2 minute read
How real-time can increase uptime data
Today in automation, predictive and preventive maintenance are constantly in the conversation. While the ideas may be clear, the implementation and advantages are not. Is this a fad that will fizzle out soon?
By Gerry Paci, Marketing Manager — Material Handling, Pepperl+Fuchs
FFor many years in the material handling industry, warehouse operators have strived to achieve minimal downtime and optimal operation. There are countless ideas and aspects for attaining this milestone within the warehouse.
In this era of intralogistics, the requisite for automation has become apparent. While some automate more than others, the necessity has proven clear. Managing automated equipment and potential downtime is crucial to production and intralogistics.
When a machine is down, the alarm will sound, reminding those on the floor that time and money are paramount. It is one thing to fix the issue quickly so that the process can continue, but understanding when this type of issue or downtime could occur again is the real prize. Moving from reactive to proactive maintenance in the warehouse can be the di erence between a streamlined process and a chaotic event within intralogistics.
The industry has learned over the years that regularly scheduling maintenance helps minimize problems with automation. A planned approach involving inspecting and repairing equipment to prevent failures has proved successful. Based on history, the warehouse maintenance team may understand that a motor controlling the conveyor needs to be inspected once per quarter for potential loosening due to vibration. This tactic helps extend the equipment’s lifespan and identify and address problems before they cause downtime. Nonetheless, if the maintenance team had access to the motor’s vibration velocity and temperature over time, they could predict when a failure could occur, streamlining their maintenance process.

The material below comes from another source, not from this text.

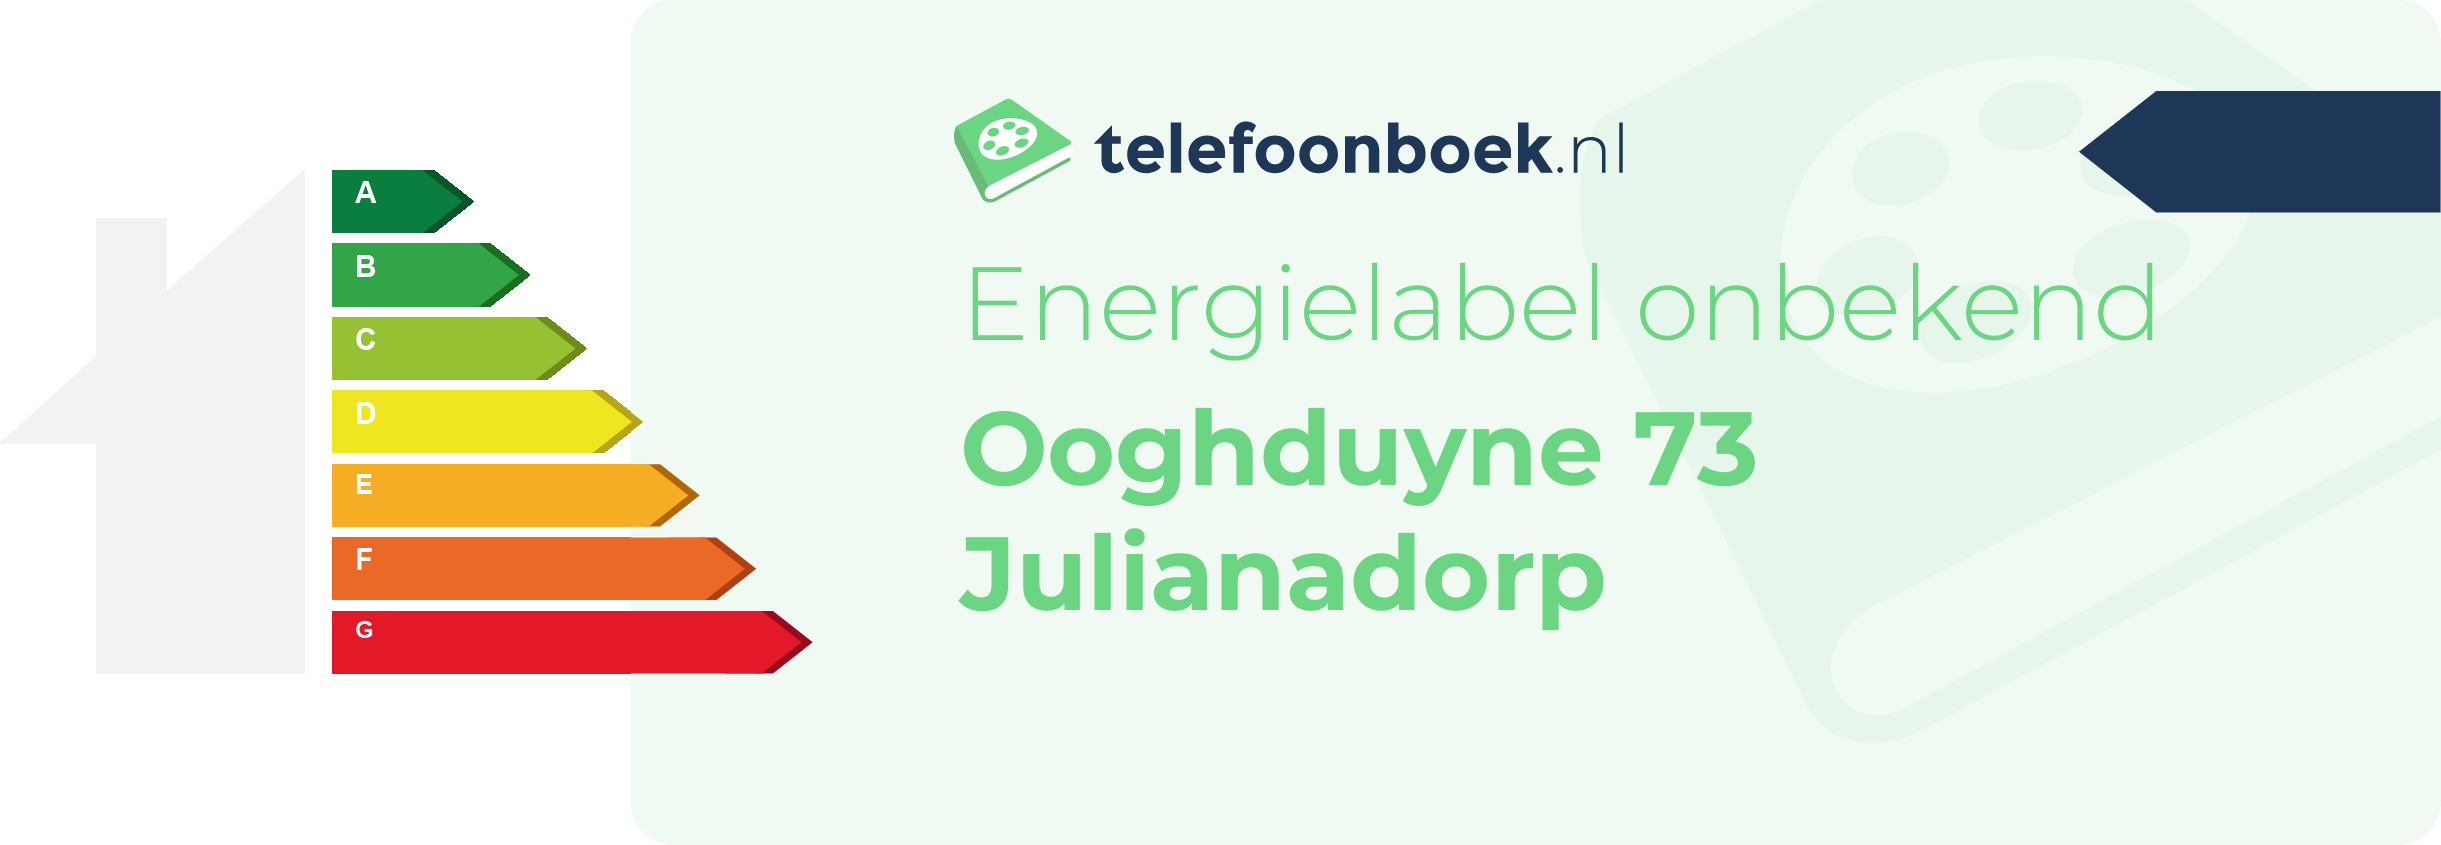 Energielabel Ooghduyne 73 Julianadorp

This information and data have become widely available from the software and sensor technology intertwined with the automation process. From a simple photoelectric sensor that detects whether an AS/RS shuttle has entered the proper level of the rack to a 2D LiDAR system looking down over a conveyor to understand the flow of parcels over time, real-time data is constantly surging into a PLC, IPC, or data collection tool within the warehouse. How this real-time data is used is one of the most interesting portions of the process.
As with any newer process or idea in a long-standing industry, challenges and speculation will arise. The transition from preventive to predictive maintenance is not free of these challenges. Where the data comes from, how to process it, and how much upfront implementation time it takes are all common questions during development.
In many cases, some of these questions can be answered using the data from the sensors already living in the warehouse. For example, it is becoming more difficult to walk into a warehouse without seeing the major use of automation, which requires sensors. To implement preventive maintenance, the data from an IO-Link capable sensor can be used as an analytical tool to understand when the machine could fail.
Vibration sensor data extends automation equipment’s lifespan and helps maintenance teams identify and address problems before they cause downtime.